I want where it's brighter and brighter and louder and louder and the color and the shouts and then comes the finale, and it's not the finale, cause here's another, and another, and another, past anything that I ever dreamed about and then comes the part where you ride the fireworks and then comes the part where you fly tumbling through the glory, and then comes the part where you realize that everything you've seen so far was only the hem of His robes and you lift your eyes and you see HIS FACE, and then comes the part where you go off like fireworks in the glory and the splendor and the love and know once and for all your HOMELAND IS IN HEAVEN, because your HOMELAND IS Him. Amen.

Comments

Anonymous said…
The boring clouds vision of heaven was killed for me by C.S. Lewis when I read The Last Battle. It's a good innoculation against what you're complaining about.
Stuart, great observation. I had thought about that too--no sex, drugs, or alcohol. Or is there alcohol? >>Isaiah 25:6 (ESV)
"On this mountain the Lord of hosts will make for all peoples a feast of rich food, a feast of well-aged wine, of rich food full of marrow, of aged wine well refined. "
Though obviously there's no drunkenness ;)
And yes, I agree Stuart that we stumble at eternity. Seems so....endless ;)

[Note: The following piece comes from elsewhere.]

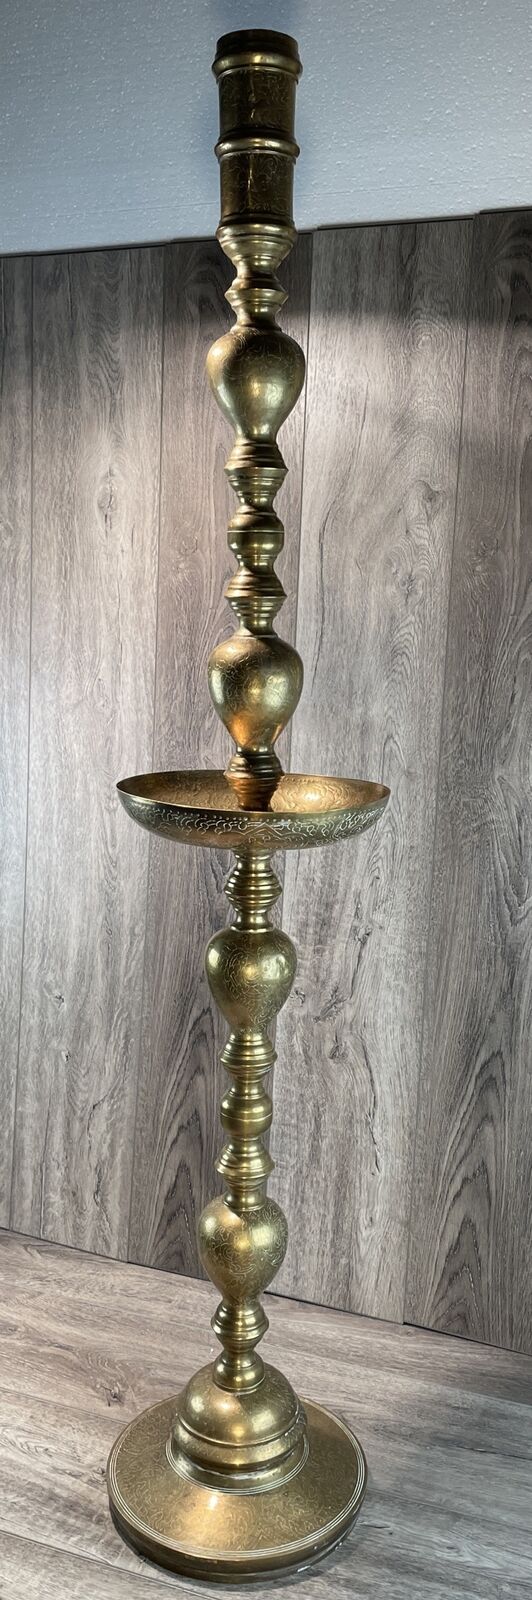 Giant Etched Brass Floor  Candlesticks Altar Prayer Candle Holders 50 Inch Tall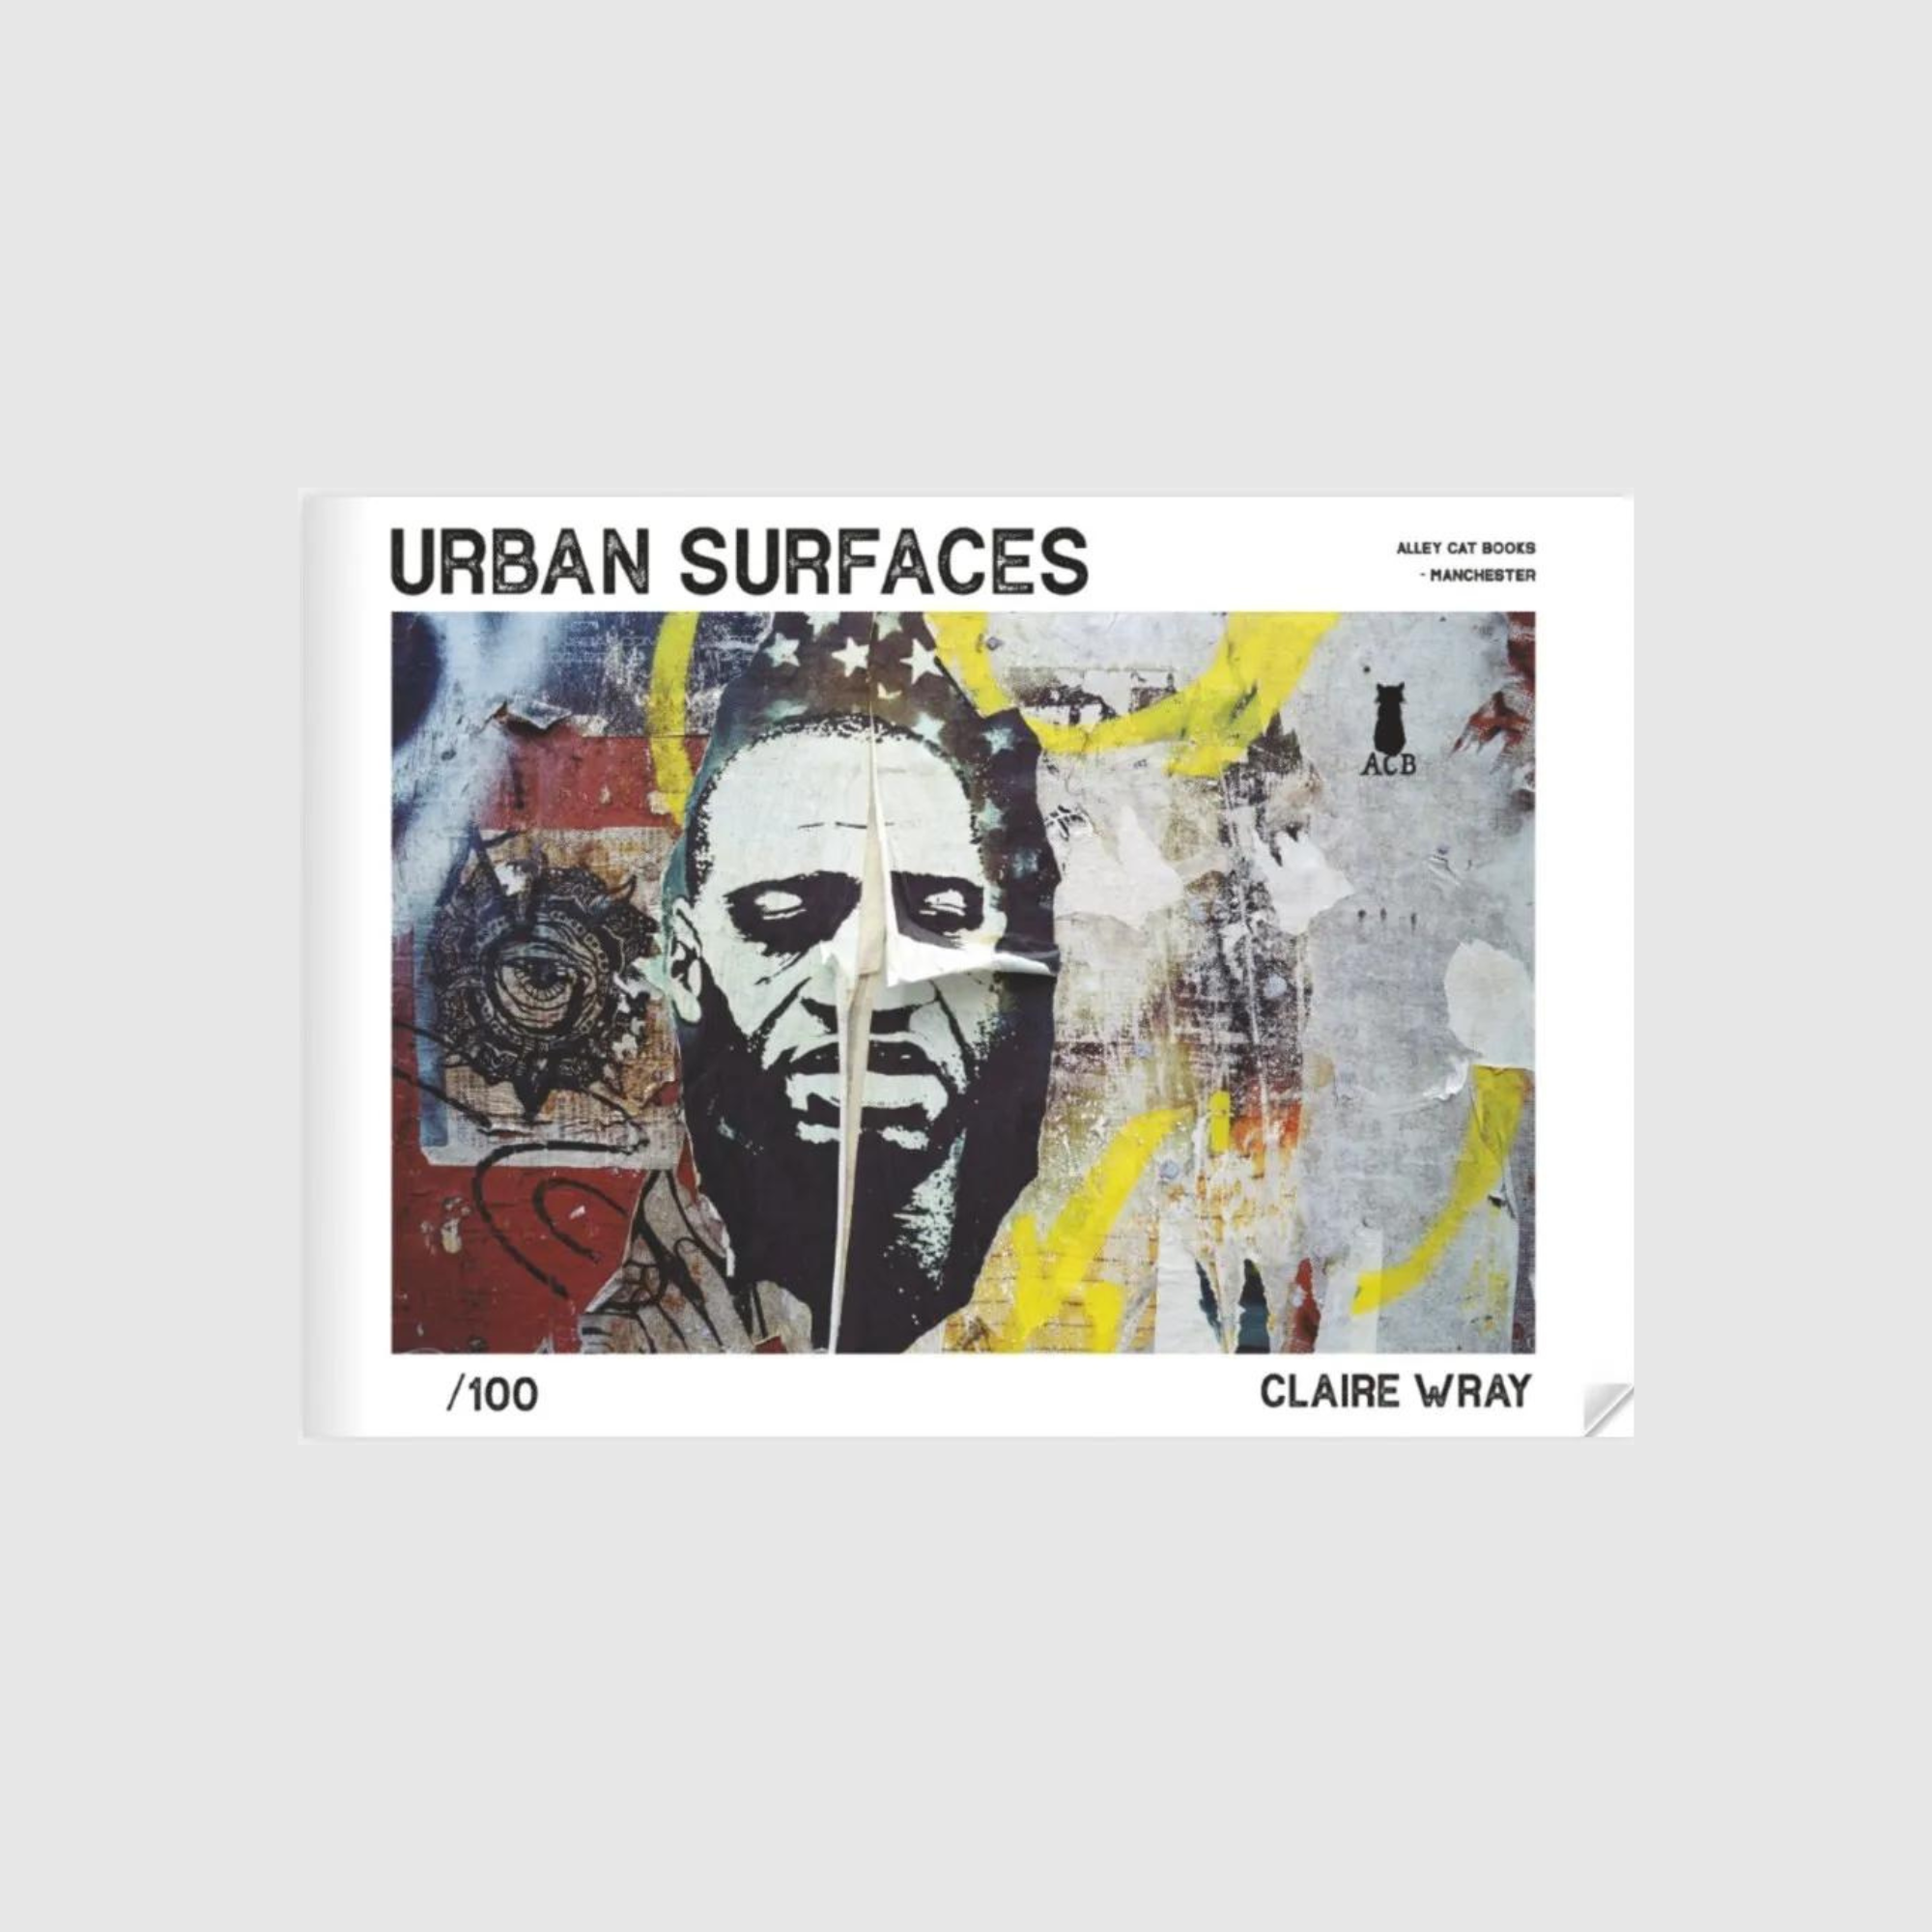 Cover of the zine "Urban Surfaces" by Claire Wray. The cover features a textured wall with a street art image of a man's face, partially peeled. The zine title "Urban Surfaces" is prominently displayed at the top, with "Claire Wray" and "Alley Cat Books, Manchester" printed on the bottom right. The edition is noted as "/100"

Rick, I really love the Last Battle. It would have been my favorite of the Narnia series had it not been for the implications of some mild form of universalism, or whatever exactly it is. When the believer in Tash finds himself in heaven, even though he never believed in Aslan, because he was 'sincere', and if you are 'sincere', then you could only be worshipping Aslan, even if you thought you were worshipping Tash. The implications of this for Christianity are completely unacceptable if you translate the allegory. Other than that, I liked the book a lot. I think Voyage of the Dawn Treader has to be tops in my mind ;)
Anonymous said…
I tend to agree with your problem with the Last Battle. Though I think the problem is legalism rather than universalism. Not everyone who worshipped Tash (or Aslan for that matter) makes it to Aslan's Country. It is those who follow the truth they know. This seems to run counter to free grace. I'm not so bothered if somehow all kinds of people get into heaven through some way I never saw when I read the New Testament. (Maybe I'm just a bad reader.) But I know it cannot be through the Law.
Well, whatever it is exactly, it is clear that salvation comes through Christ alone. Worship of a false god, however sincere or blind to the truth, cannot save. Ultimately we are limited to salvation through God's promised means of grace in Christ Jesus. Access to the Father cannot come apart from Christ (cf. Islam, Judaism).